Stephen Williamson
About Stephen Williamson
Stephen Williamson is Senior Vice President and Chief Financial Officer of Thermo Fisher Scientific, serving as CFO since August 2015 with 23 years at the company . Under his tenure, the company delivered 2024 revenue of $42.88B, GAAP diluted EPS of $16.53, adjusted EPS of $21.86, and free cash flow of $7.32B . Thermo Fisher’s five-year TSR stands at 62%, with $4.0B of 2024 share repurchases and an 11% dividend increase versus 2023 . Say‑on‑pay support was 89% in 2024, reflecting shareholder alignment with executive compensation design .
Past Roles
| Organization | Role | Years | Strategic Impact |
|---|---|---|---|
| Thermo Fisher Scientific | SVP & Chief Financial Officer | 2015–present | Finance leadership through a period featuring disciplined capital allocation (e.g., $7.7B deployed in 2024, including $3.1B Olink acquisition and $4.6B returned via buybacks/dividends) |
Fixed Compensation
Multi-year compensation (USD) for Stephen Williamson:
| Metric | 2022 | 2023 | 2024 |
|---|---|---|---|
| Salary | $974,808 | $1,014,577 | $1,047,575 |
| Stock Awards (RSUs/PSUs grant-date fair value) | $2,340,271 | $2,535,540 | $3,299,636 |
| Option Awards (grant-date fair value) | $1,564,106 | $1,680,428 | $4,779,797 |
| Non-Equity Incentive Plan Compensation (Annual bonus) | $1,762,843 | $805,777 | $1,815,500 |
| All Other Compensation | $211,045 | $203,937 | $145,073 |
| Total | $6,853,073 | $6,240,259 | $11,087,581 |
Key 2024 cash comp details:
- Base salary increased to $1,055,132 effective March 31, 2024 (from $1,024,400) .

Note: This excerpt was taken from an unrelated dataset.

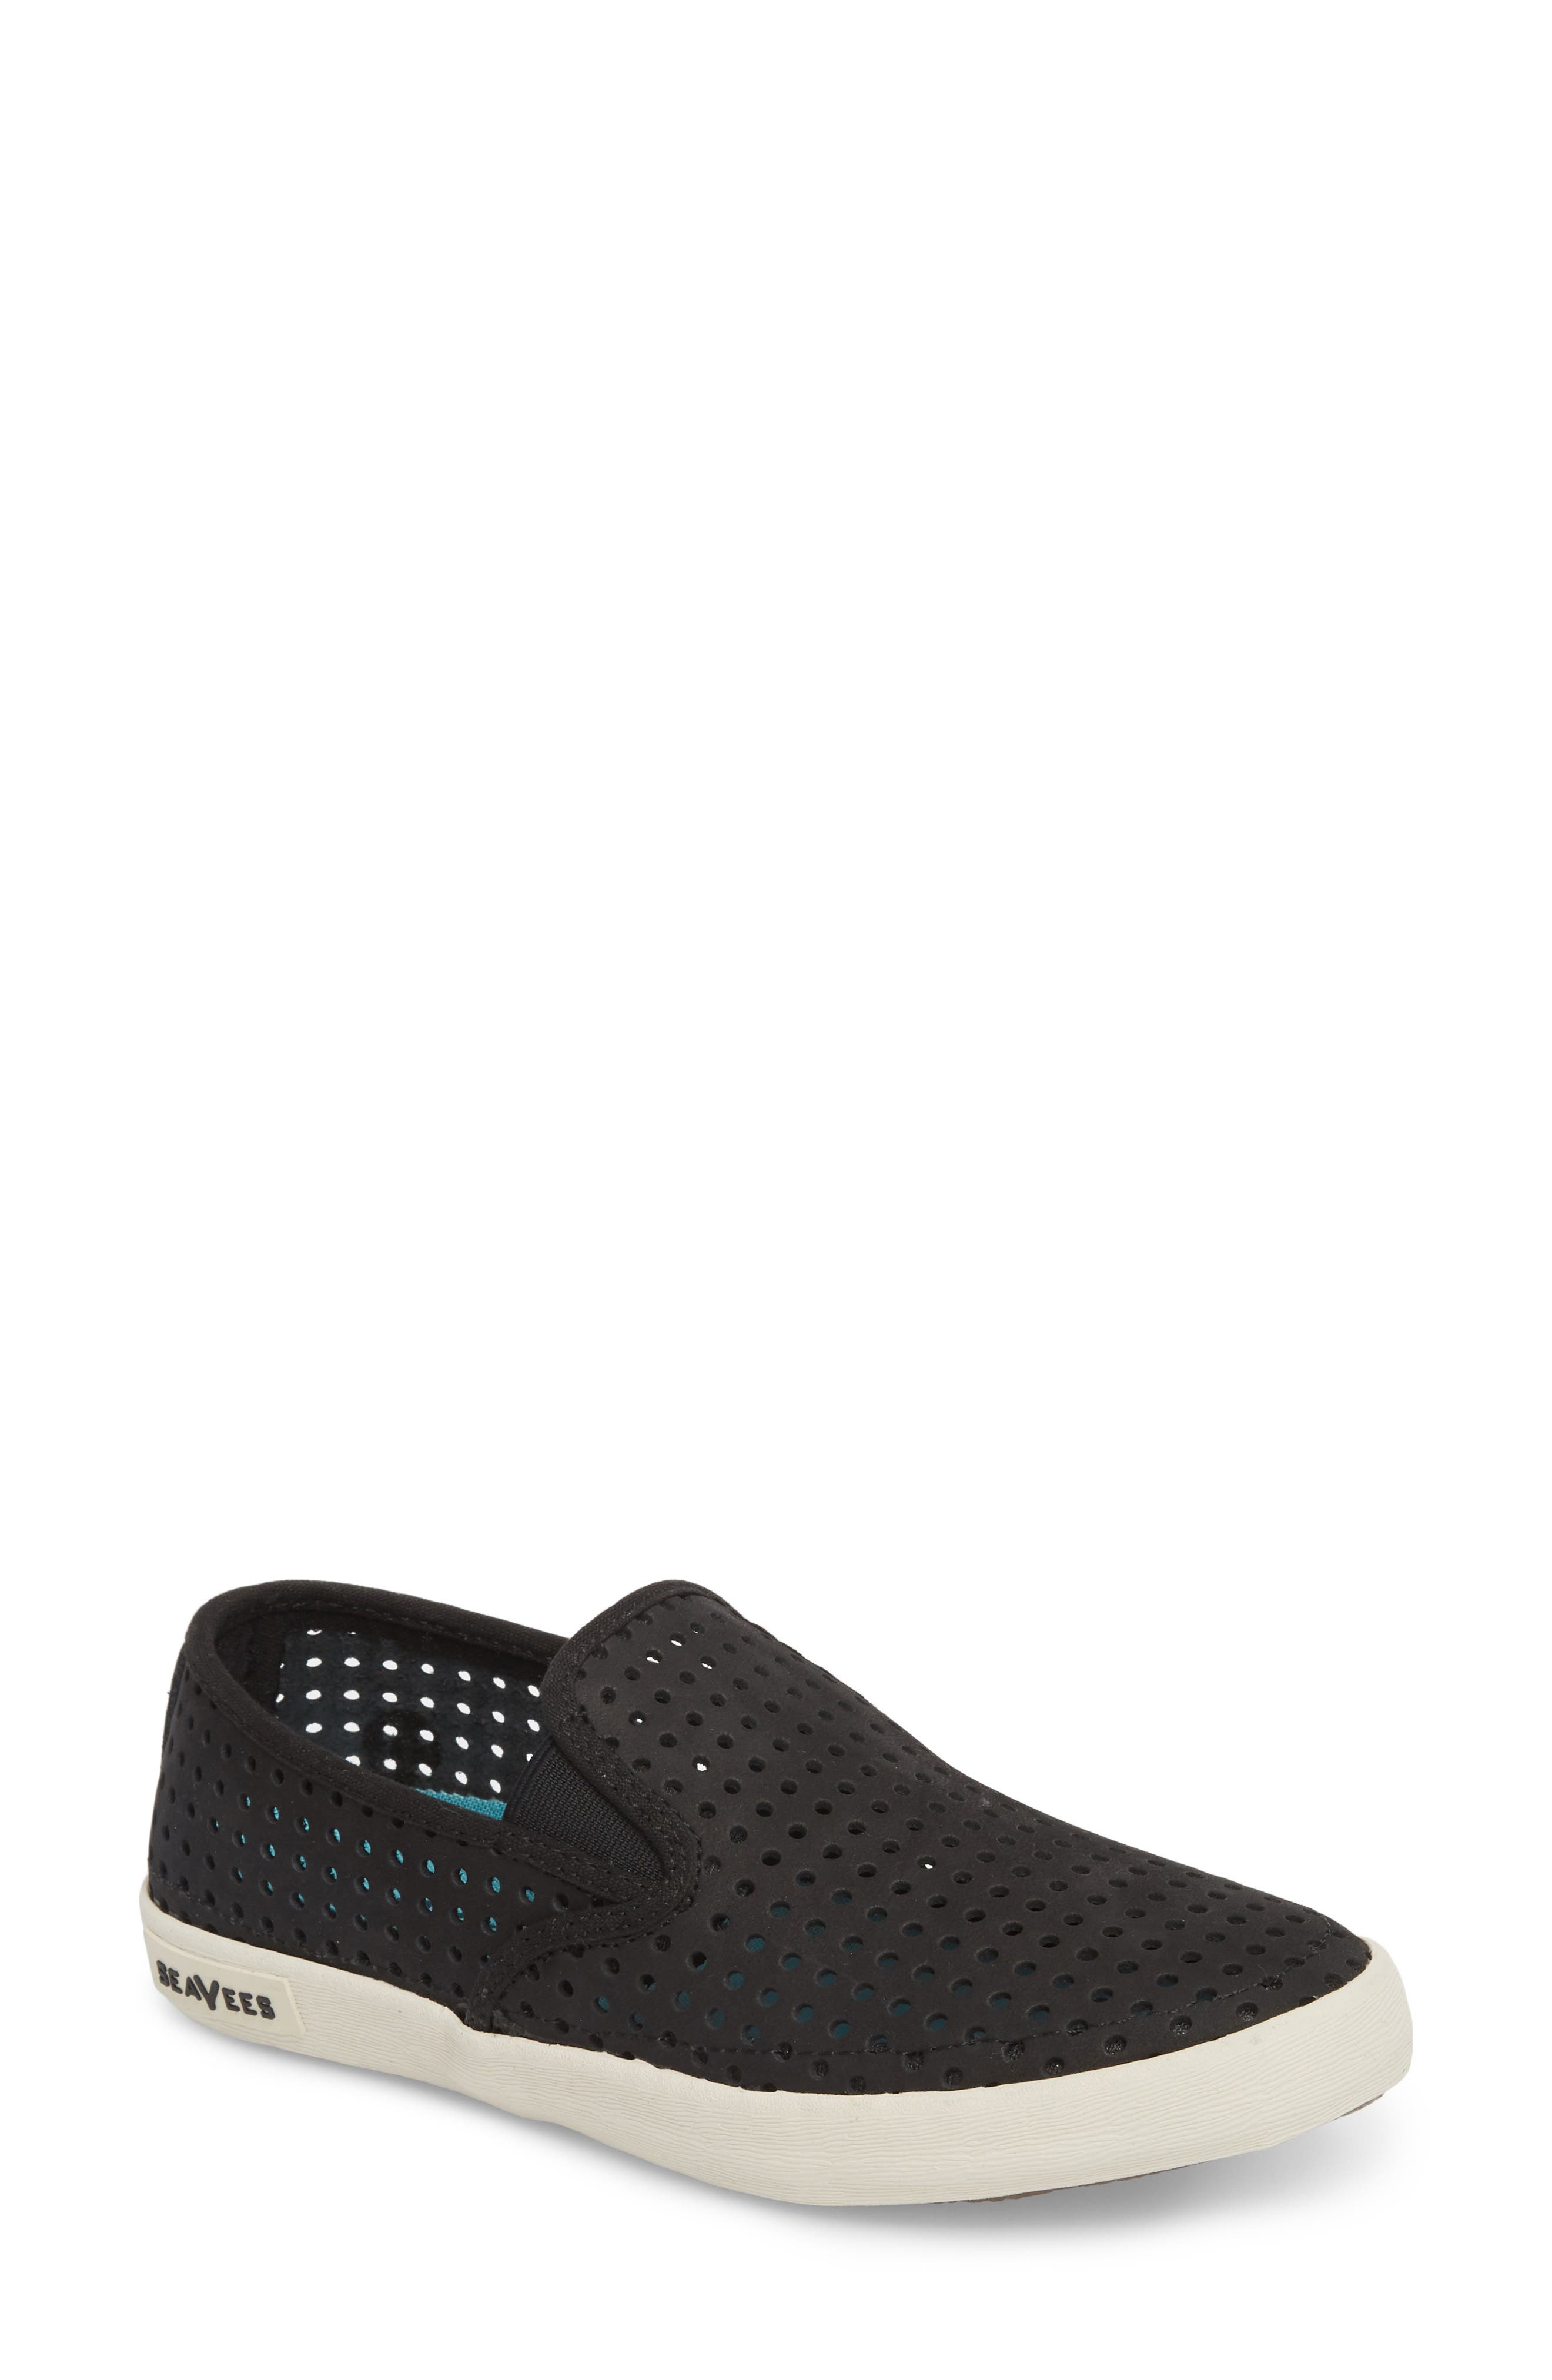 Baja Perforated Slip-On Sneaker,                             Main thumbnail 1, color,                             BLACK

- Target bonus increased from 110% to 115% of base; actual annual incentive payout was $1,815,500 based on a 150.7% performance score .
Performance Compensation
2024 Annual Incentive Plan
| Metric | Weight | Target Framework | Actual | Payout |
|---|---|---|---|---|
| Organic Revenue Growth | 35% | Challenging, stair-step targets; threshold below (4.07)% up to target near (0.82)%; max above 0.68% | (0.19)% | 156.4% |
| Adjusted Net Income | 30% | Stair-step schedule around ~$7.6B–$8.17B ranges | See Company results framework | 186.7% |
| Free Cash Flow | 5% | 100% payout at $6.0–$6.749B; 200% at ≥$6.75B | ≥$6.75B threshold met per payout table | 200.0% |
| Non-Financial Strategic Goals | 30% | CSR, innovation, customer metrics, capital deployment execution | Delivered objectives (e.g., Olink integration, PPI productivity, CAS improvement) | 100.0% |
| Total | 100% | — | — | 150.7% overall score |
2024 Named Executive Officer annual incentive result for Williamson:
| Target (% of Base) | Target Award | Performance Score | Approved Award |
|---|---|---|---|
| 115% | $1,204,711 | 150.7% | $1,815,500 |
2024 Performance-Based Restricted Stock Units (PSUs)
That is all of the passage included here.